**TASK ITEM**
Using the listing below, print exactly everything from the line with "Beautiful Animated Girl" down to the line with "Celebrate Greener 73rd", both included, and nothing more.

**SUPPLIED MATERIAL**
○ ○ ○ ○

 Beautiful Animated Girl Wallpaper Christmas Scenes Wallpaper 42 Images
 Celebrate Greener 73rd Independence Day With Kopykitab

○ ○ ○ ○

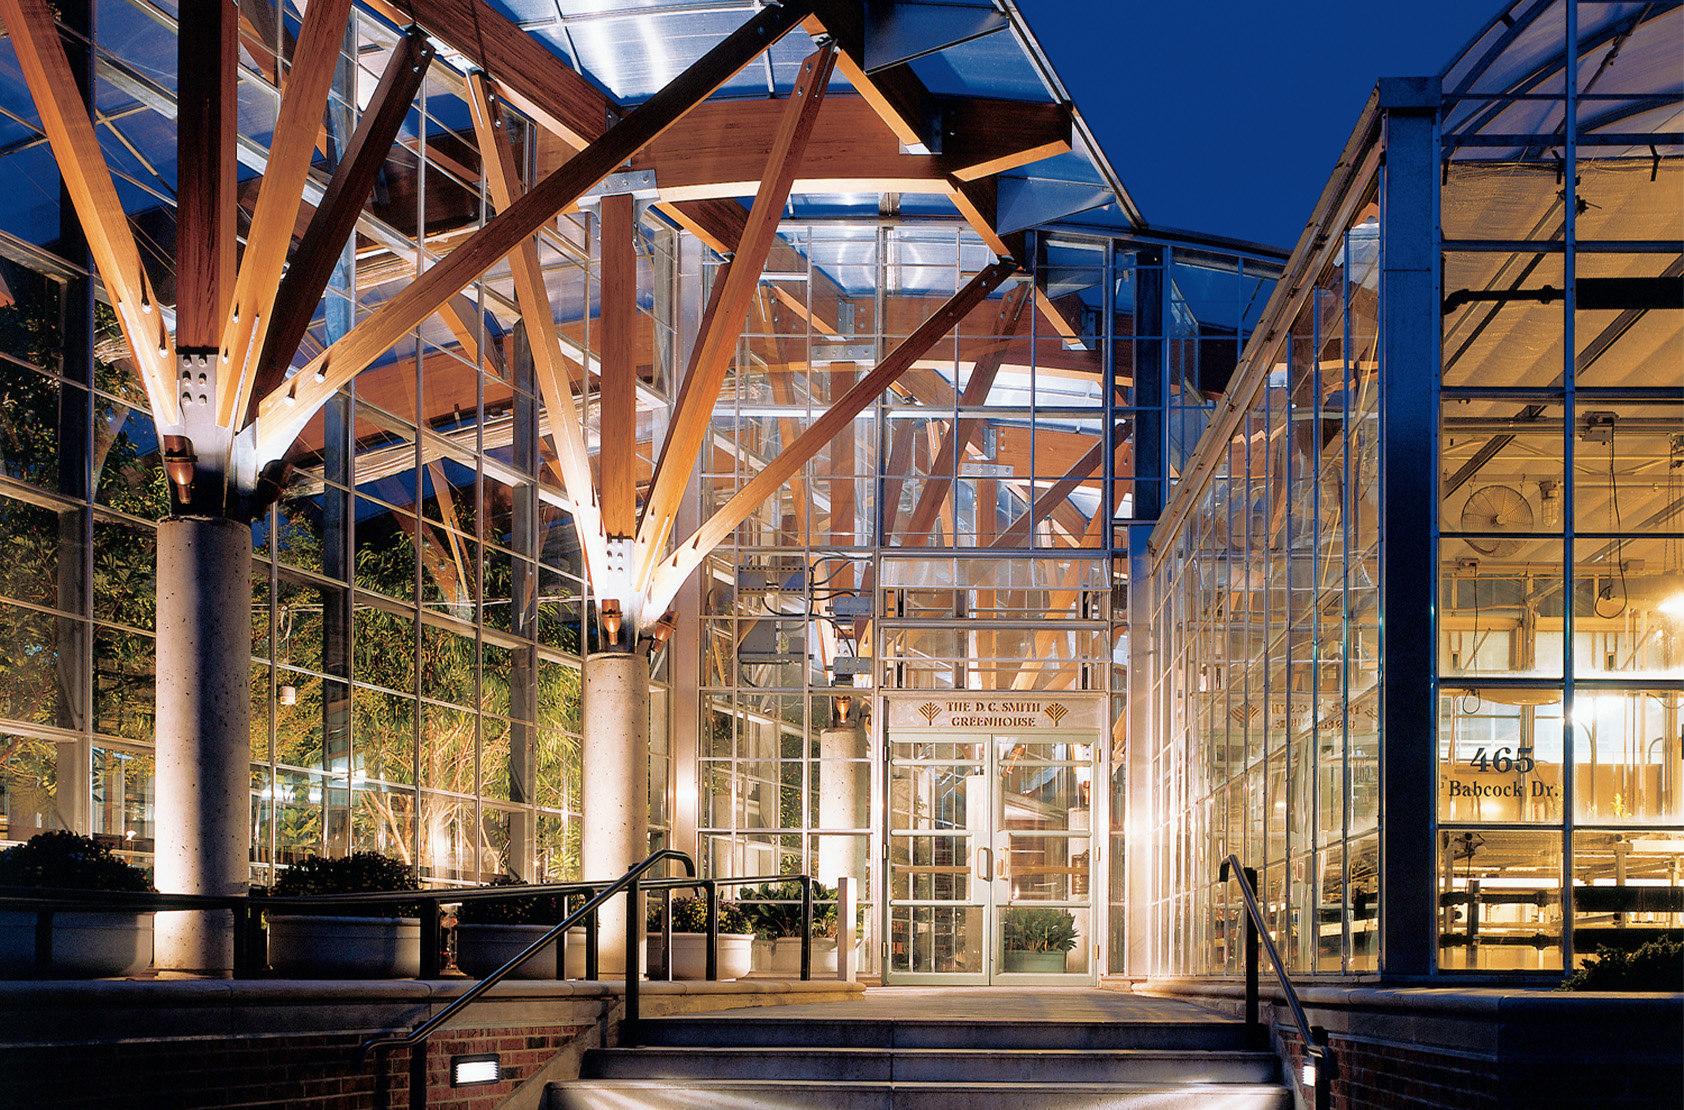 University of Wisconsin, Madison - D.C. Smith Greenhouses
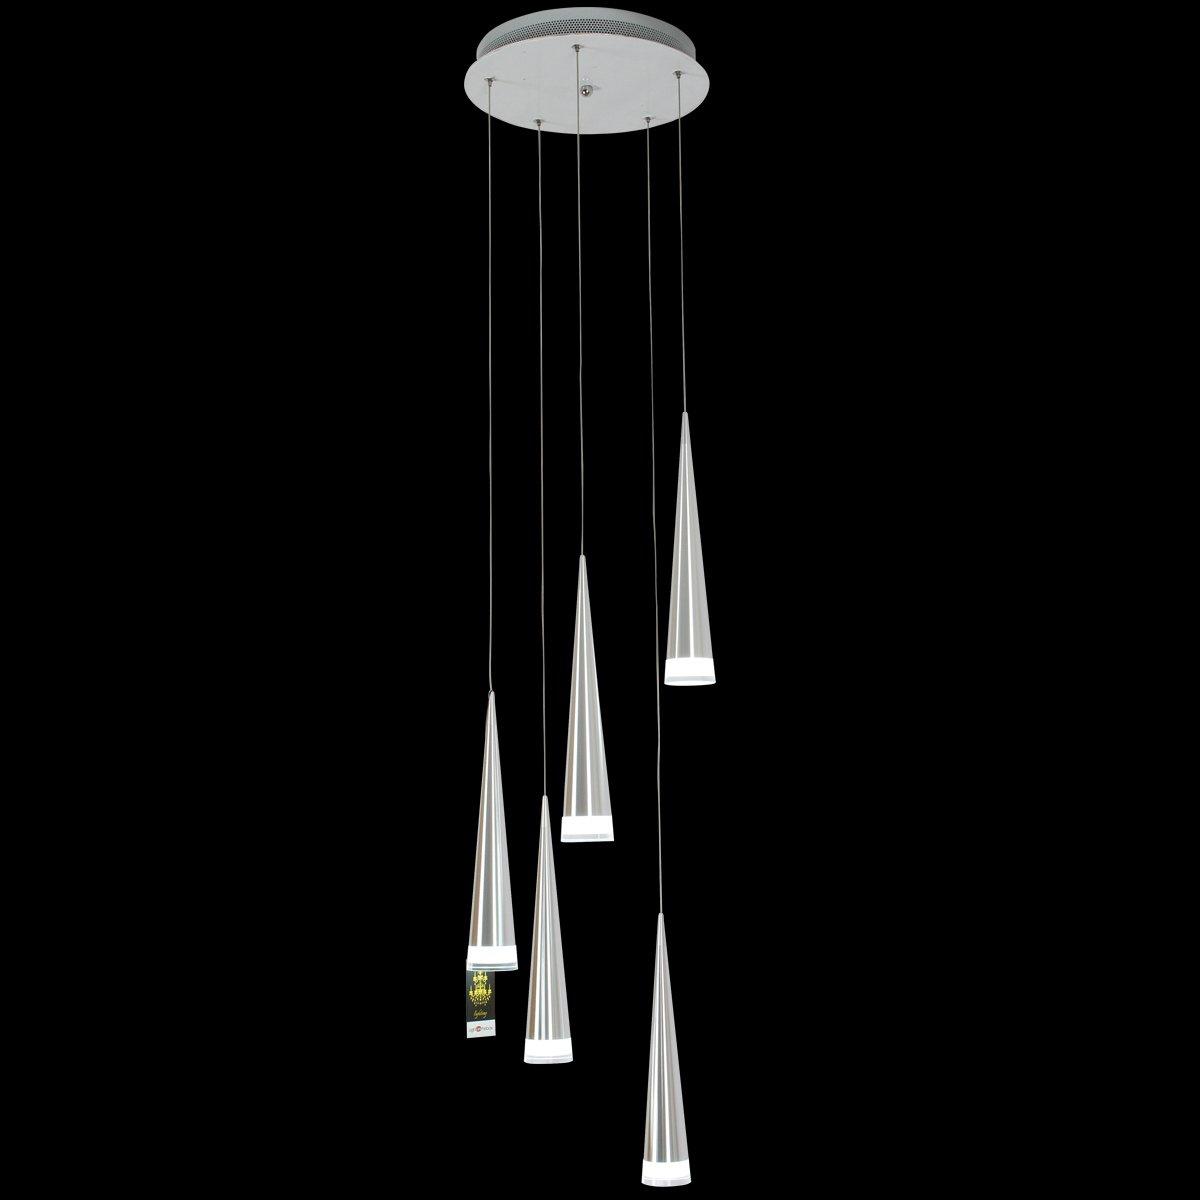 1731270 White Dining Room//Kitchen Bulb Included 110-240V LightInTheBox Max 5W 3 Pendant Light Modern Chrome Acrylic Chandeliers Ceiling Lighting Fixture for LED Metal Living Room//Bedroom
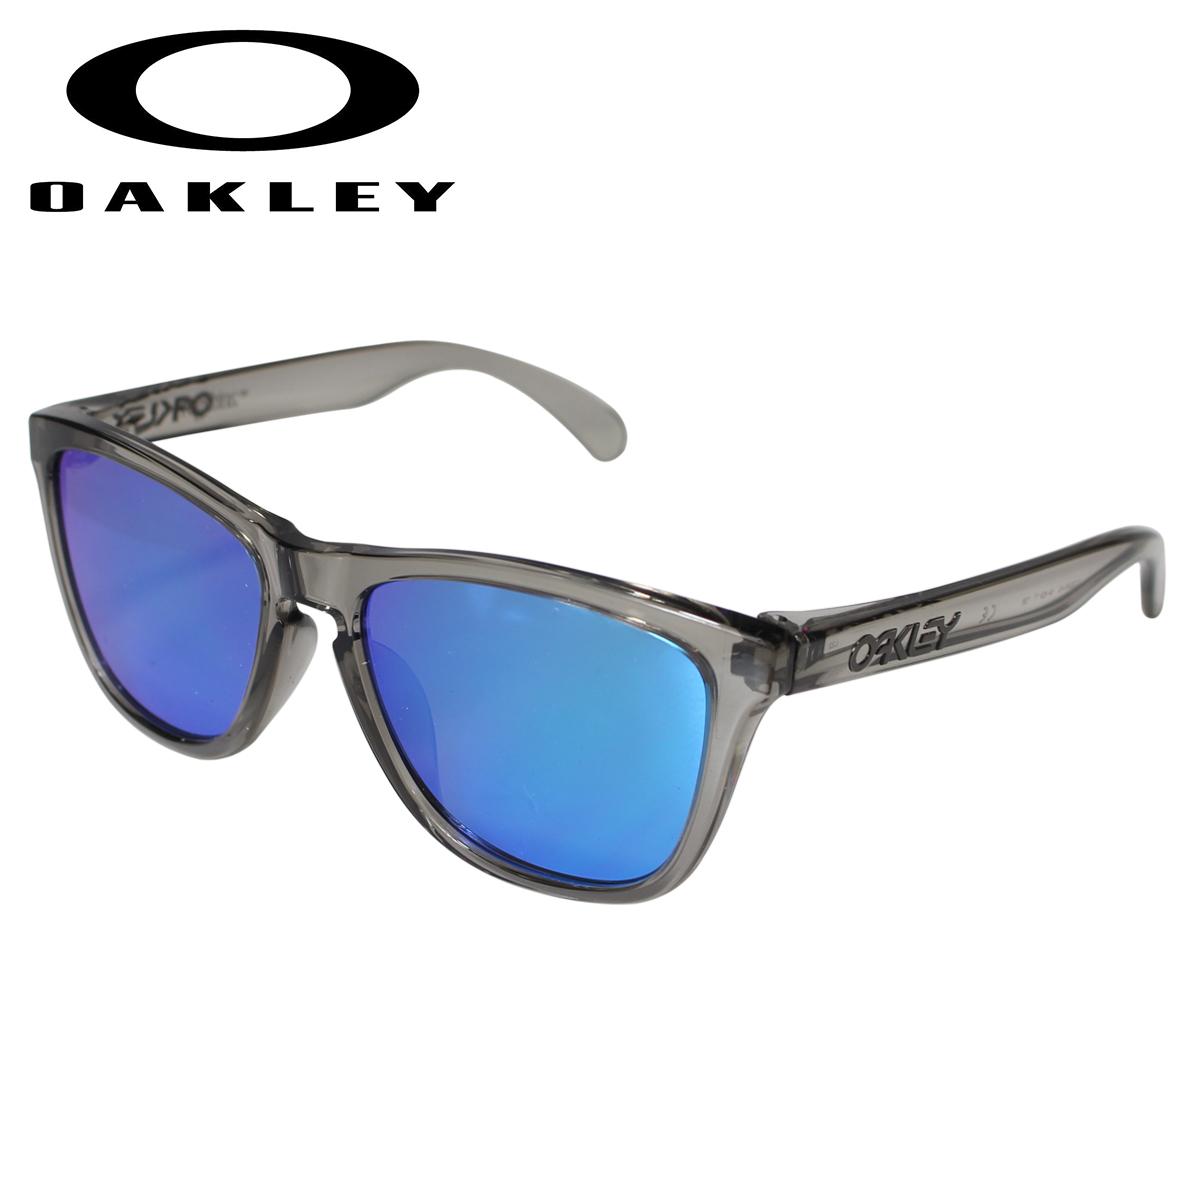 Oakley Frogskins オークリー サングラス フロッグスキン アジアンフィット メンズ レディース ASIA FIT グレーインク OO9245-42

○ ○ ○ ○

**REPLY TO THE EXERCISE**
 Beautiful Animated Girl Wallpaper Christmas Scenes Wallpaper 42 Images
 Celebrate Greener 73rd Independence Day With Kopykitab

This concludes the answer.